Laurel didn’t detect any degree of humility or apology in that statement, and she couldn’t help but admire him for that.

He gave the simmering gravy a stir. “I didn’t hear anything from Derby until the telegram office sent a boy out here day before yesterday. All it said was that he was coming. Nothing more.”

Laurel dug at a crack in the dirt floor with the toe of her shoe. “There was no job, no work waiting for him, was there?”

He shifted his weight, redistributing it unevenly, placing more on the right side of his body. “There’s work around.”

“Of what kind?”

“Same as me.”

“Forgive me, Mr. Plummer, but—”

“Irv.”

“Irv. What kind of work do you do?”

“I was a railroad man. Over thirty years at it. Went all over, repairing tracks. That’s how I got the bum hip.” He patted his left leg joint. “Coupler backed into it. Didn’t stop me from working, though. Just made it harder.
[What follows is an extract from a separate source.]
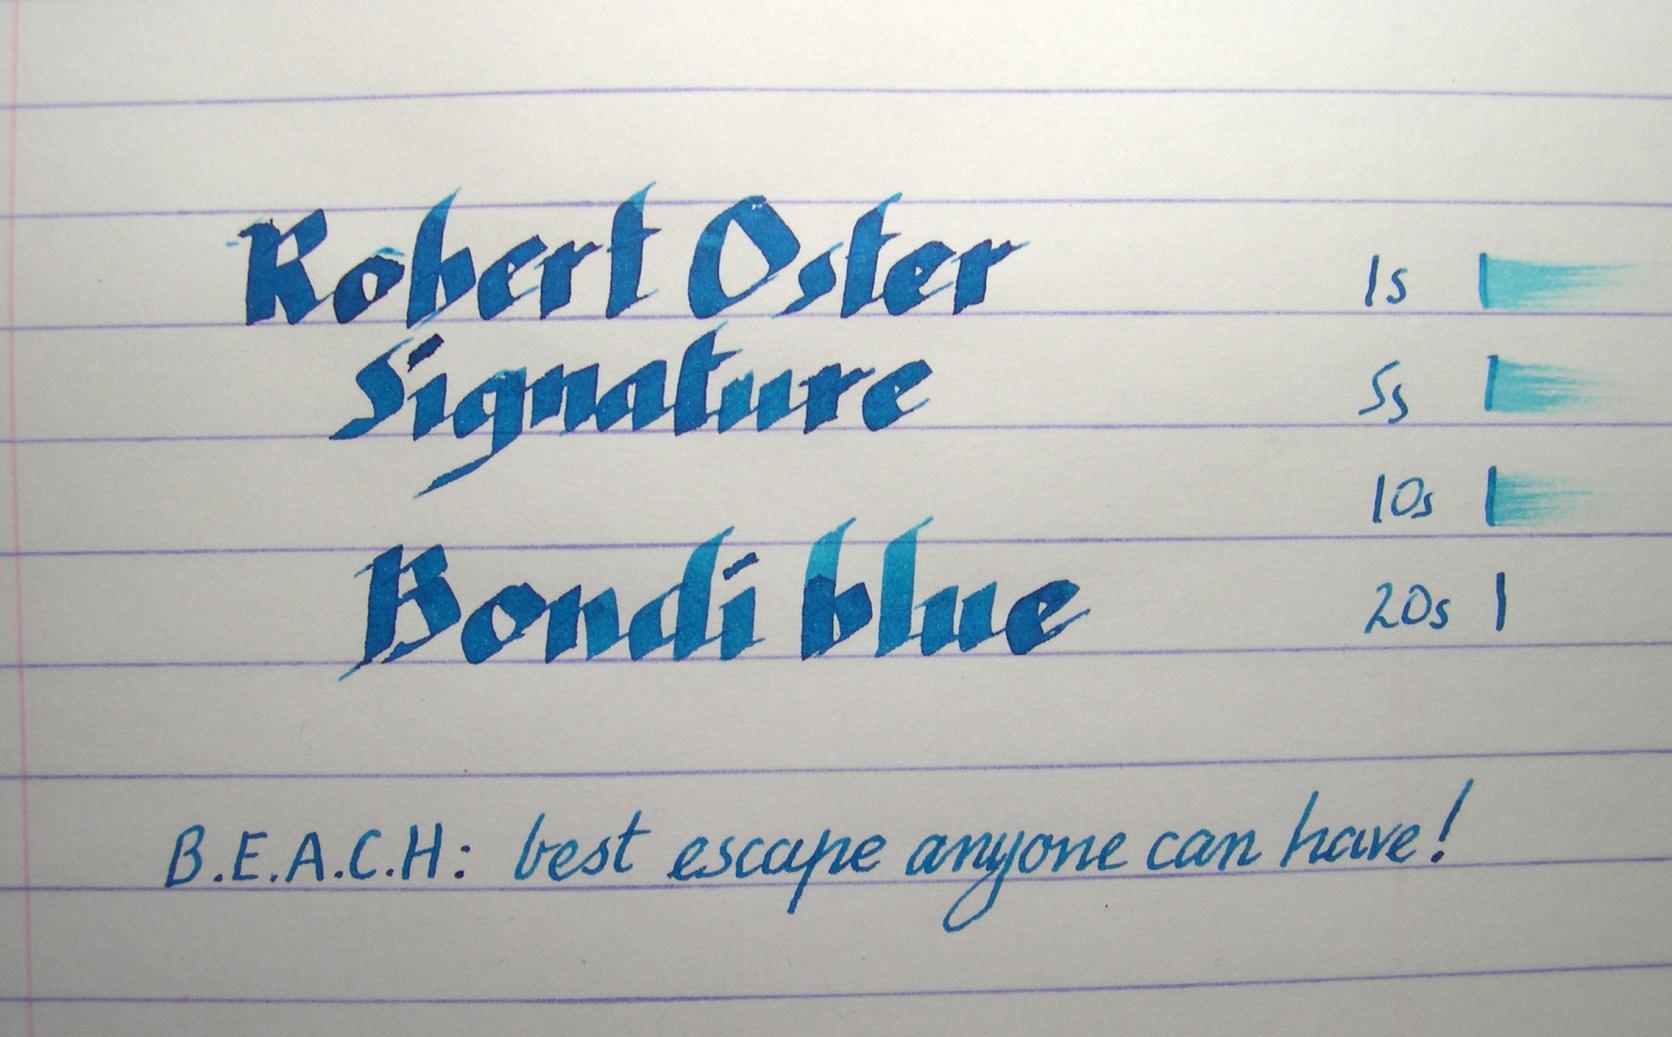 fpn_1463803777__oster_bondi_blue_levels-

“But I got old and tired, so I stopped railroading several years ago and settled into this place. Now I do odd jobs in and around town.” He looked over at her with something of a grin. “I guess you could say I’m a fix-it man.”

“Are there enough things around here that need fixing to keep you busy?” And solvent? She wanted to ask that, but didn’t.

“I’m stretched pretty thin, all right.” He set tin plates and cutlery on the small table, which was not much larger than a checkerboard. “How much had Derby told you about me? Not much good, I reckon.”

“He hadn’t told me anything except that you were still living, as far as he knew. He said the two of you weren’t close.”

He gave a sad nod. “Well, then at least that didn’t come as a shock to you.”

“What caused the rift?”

He pursed his lips thoughtfully, then said, “His mama died young.” He gave the gravy another stir. “What about you? Is your family up in North Texas?”

“Yes. My daddy and uncle grow cotton. Or did. The last three crops got ruined by the boll weevil.”

“You’ll want to notify your folks of this.”

She took a breath, wishing she could postpone this, but reasoned that he needed to know sooner rather than later. “We don’t speak.”